For the entries below, repeat exactly each line starting with the one that contains "Wedding Album Motion" and going on through the one that contains "Free New York", and no others.

[[ Records provided open ]]

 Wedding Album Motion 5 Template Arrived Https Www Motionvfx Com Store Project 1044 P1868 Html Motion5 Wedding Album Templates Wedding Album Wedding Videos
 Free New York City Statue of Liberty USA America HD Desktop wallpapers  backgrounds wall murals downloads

[[ Records provided closed ]]
[[ Records provided open ]]

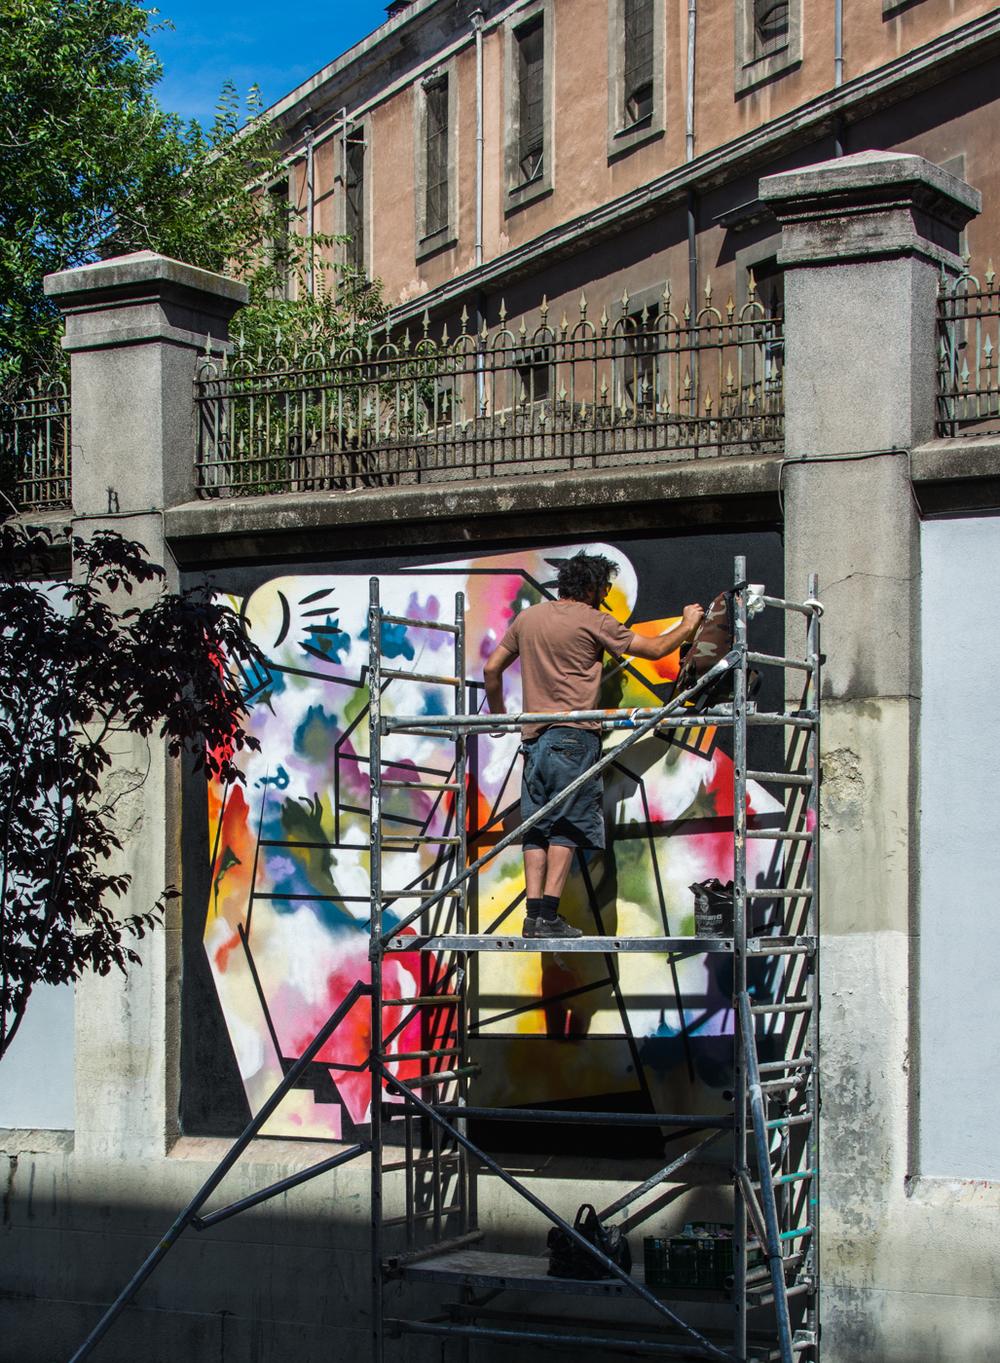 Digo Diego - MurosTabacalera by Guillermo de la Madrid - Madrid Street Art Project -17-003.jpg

[[ Records provided closed ]]
[[ Records provided open ]]

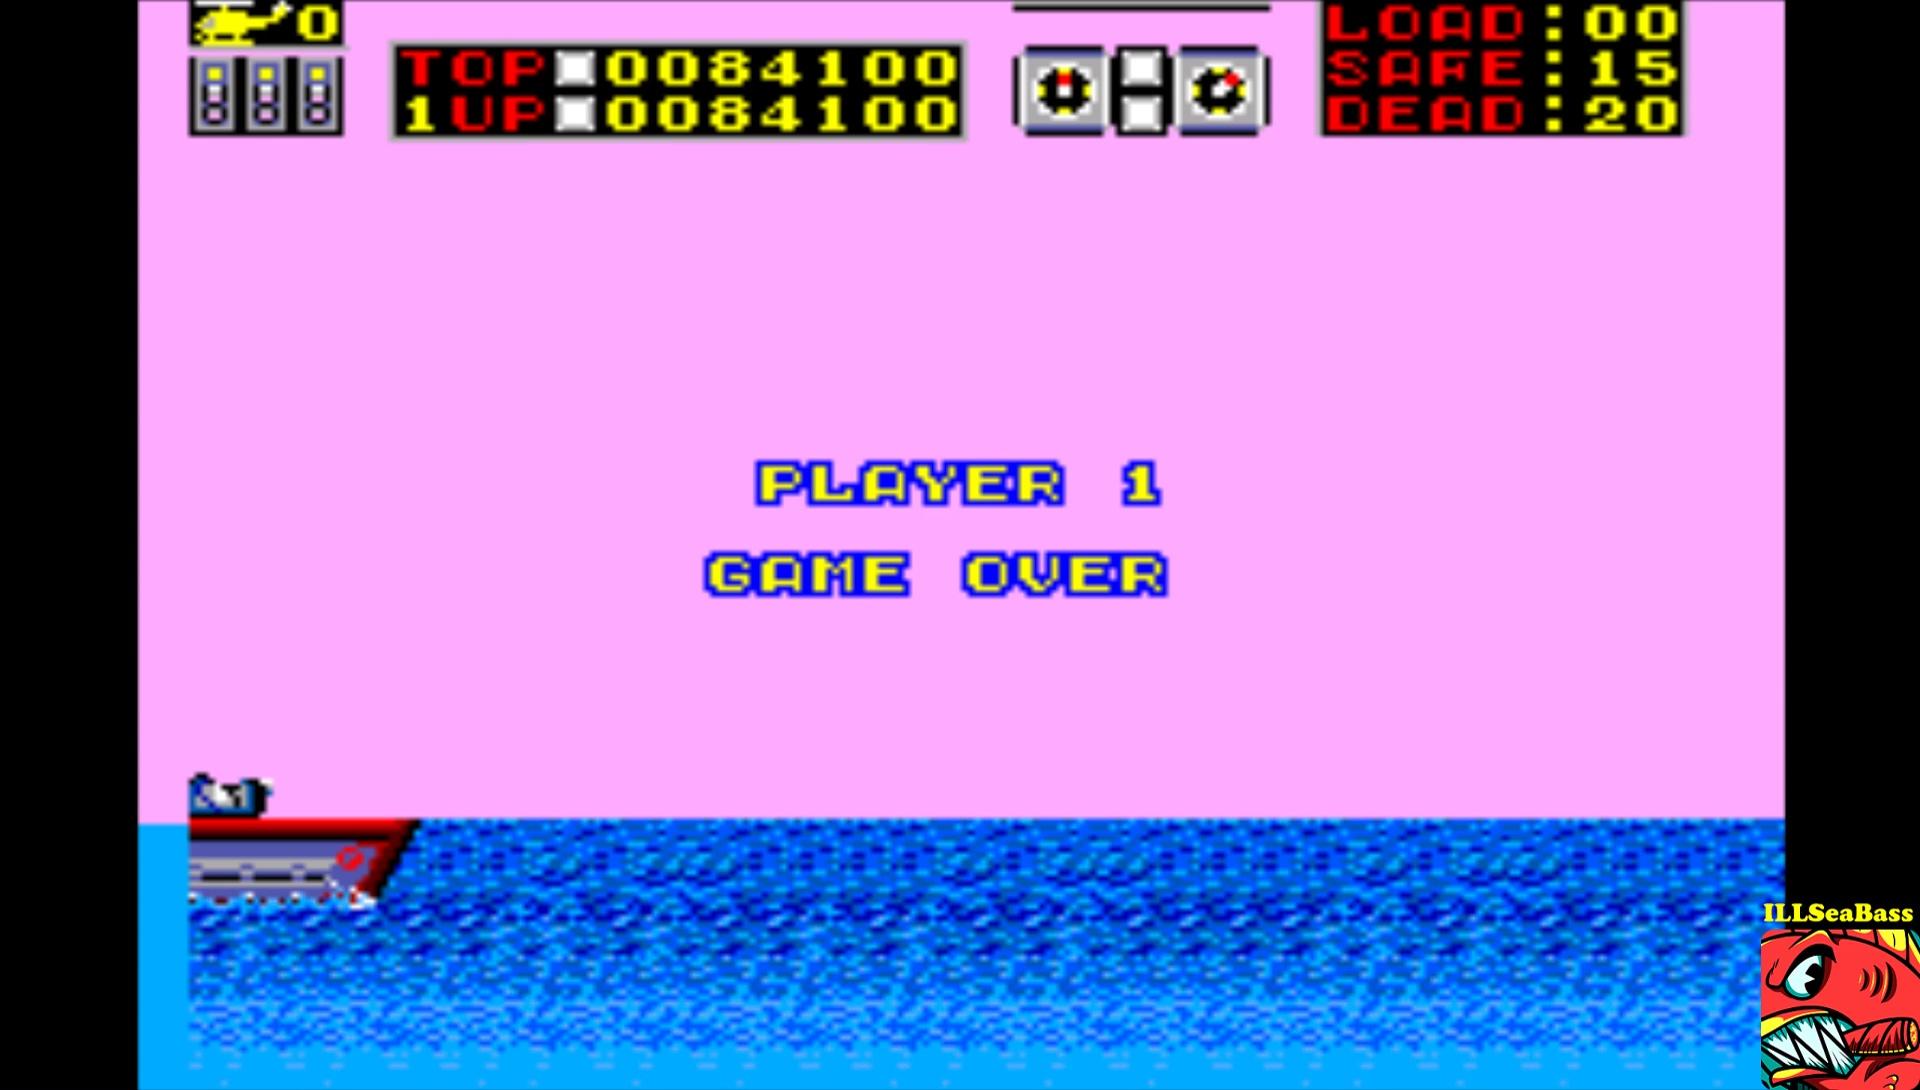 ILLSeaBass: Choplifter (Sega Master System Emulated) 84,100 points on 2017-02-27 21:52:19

[[ Records provided closed ]]

[Written reply]
 Wedding Album Motion 5 Template Arrived Https Www Motionvfx Com Store Project 1044 P1868 Html Motion5 Wedding Album Templates Wedding Album Wedding Videos
 Free New York City Statue of Liberty USA America HD Desktop wallpapers  backgrounds wall murals downloads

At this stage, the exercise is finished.